** Instructions for the task **
From the data below, please reproduce exactly everything from the line that contains "Singer sewing machine" down to the line that contains "Sold in its", with both ends included.
##### Data in this exercise
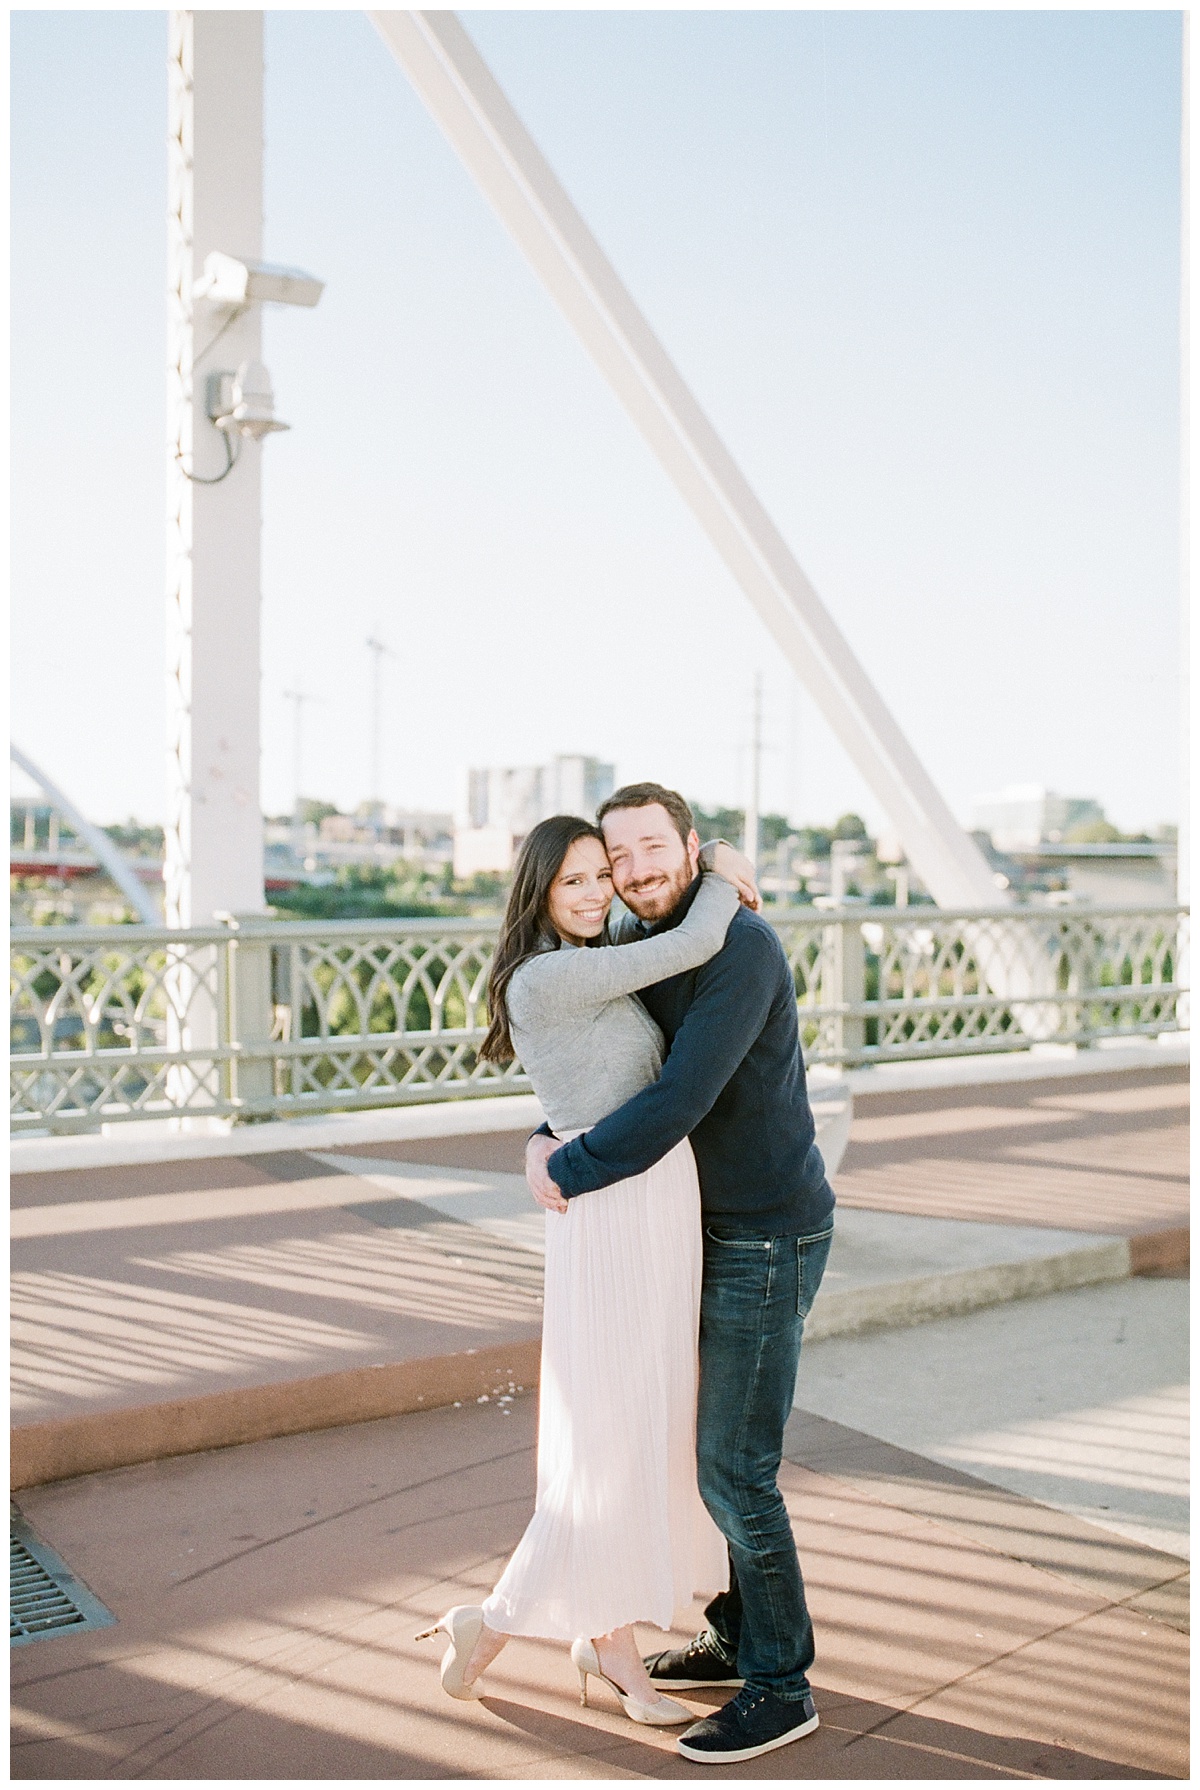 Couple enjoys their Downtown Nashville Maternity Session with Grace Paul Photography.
##########
##### Data in this exercise
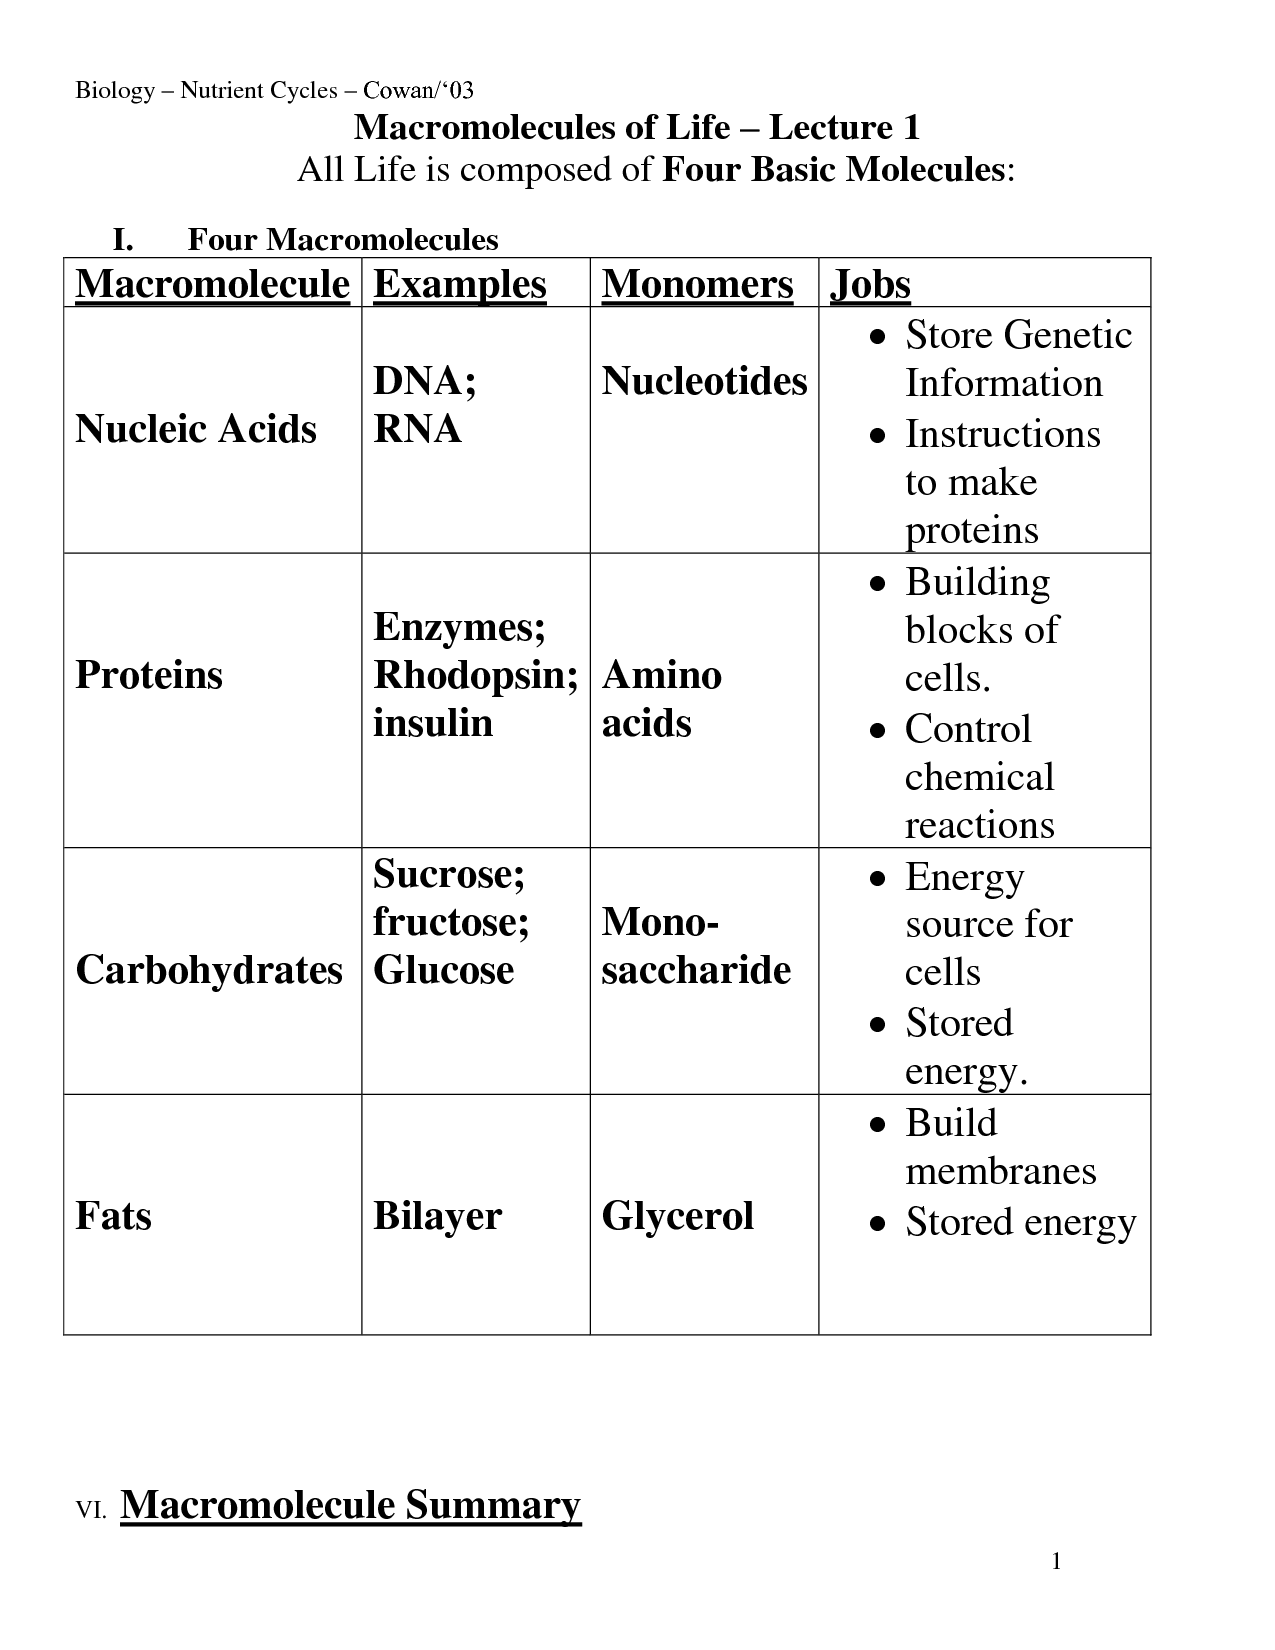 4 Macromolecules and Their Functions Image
##########
##### Data in this exercise
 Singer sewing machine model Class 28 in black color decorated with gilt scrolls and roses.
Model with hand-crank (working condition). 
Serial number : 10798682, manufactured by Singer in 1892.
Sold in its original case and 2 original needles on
##########
** Answer box **
 Singer sewing machine model Class 28 in black color decorated with gilt scrolls and roses.
Model with hand-crank (working condition). 
Serial number : 10798682, manufactured by Singer in 1892.
Sold in its original case and 2 original needles on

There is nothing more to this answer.